Pure bunk. "Neutralising the cold magnetic force by raising certain high frequency vibrations" is nothing but pseudoscientific gibberish. It
sounds scientific, but only to the undereducated. Vibrations are present in matter, but their frequency doesn't affect their "weight." Raising vibrations to higher frequencies doesn't negate the attraction that the mass of the given bit of matter has on the mass of other matter. Indeed, the methods by which monumental architecture was built in Mesoamerica or Northern Africa (several thousand years and even more thousand miles apart, I might add) are relatively well known and understood. There was no "levitation" as Desmarquet suggests. It wasn't needed.

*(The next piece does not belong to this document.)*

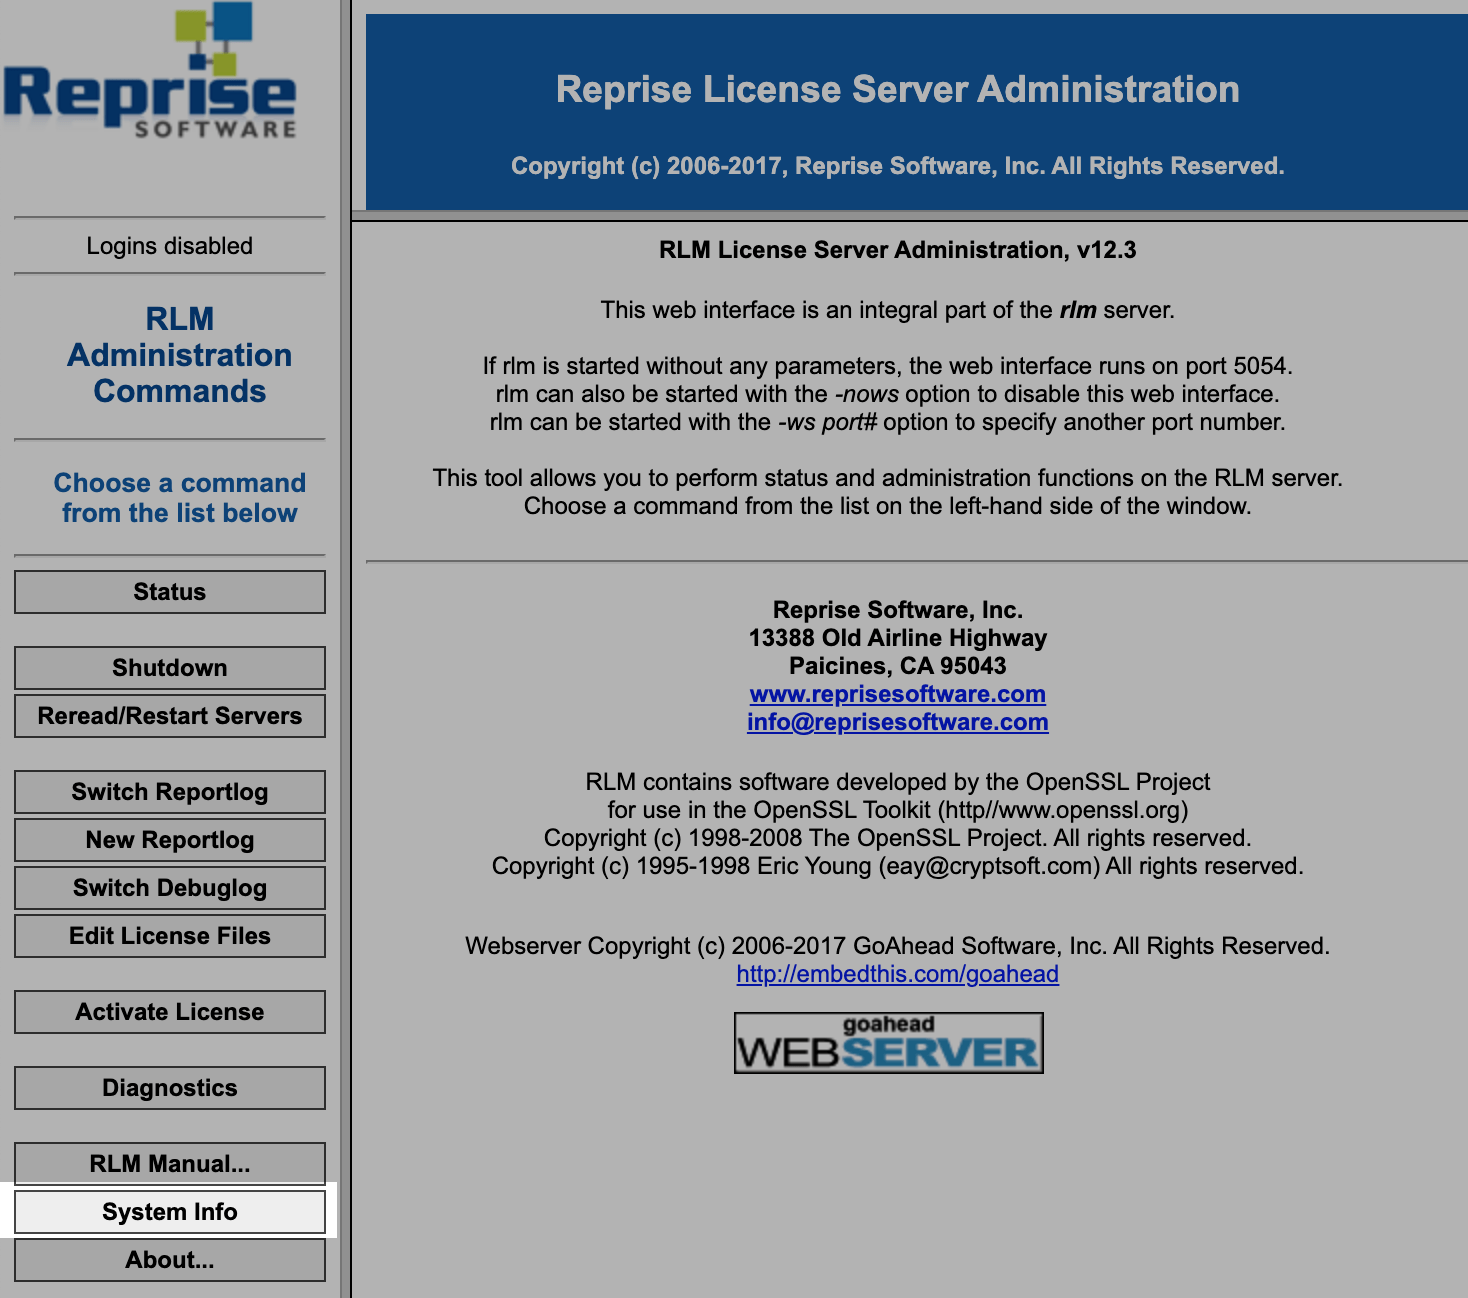 RLM Web System Info

But the most significant bit of information that Desmarquet cites in that passage is the mythical city of Atlantis and the fictional city of Mu. The former is
mostly a
modern myth, not even an ancient one. Plato invented it for his dialogs
Critias and
Timaeus when he criticized the state of Athens for its incursions against the Persians. It was not until Ignatius Donnelly wrote
Atlantis: the Antediluvian World in1882 that Atlantis actually gained any popularity.
Mu, however, is an entirely
fictional city that was created in the mind of “Colonel” James Churchward. He stated that Mu was a highly advanced civilization that existed on a continent in the Pacific Ocean, which sank after the "explosion" of "gas pockets," leaving only Hawaii, Samoa, Tahiti, and Easter Island. When Mu sank, massive worldwide earthquakes caused all civilization to collapse into savagery. Not surprisingly, the good "colonel" provides not a shred of evidence, only his "word" that he translated correctly the stone tablets that told the tale; the same tablets that have never been seen by anyone except the good "colonel."
His word from 1924 doesn't stand up to even the most rudimentary of scientific examinations today. The islands he mentioned are created by well-understood volcanic process that involves "hot spots" under the crust and plate tectonics. If a continent ever existed in the region, it would be extremely obvious and quite visible to magnetometer examinations of the sort that have occurred extensively in the region he suggested.
So Desmarquet is piggybacking the fictions of at least two sources independent of him: Plato and Churchwood. That alone, validates numbers 2 and 3 above.
And we haven't even discussed the nonsense about the world exploding due to man's poor stewardship of the planet. Such grandiose delusions have been associated with UFO nutters for over 50 years. Indeed, Heaven's Gate and the Raelians adapted this theme within their own "manifestos."
It seems clear that Desmarquet is simply a cult of personality. It is no accident that there is a cottage industry around his book.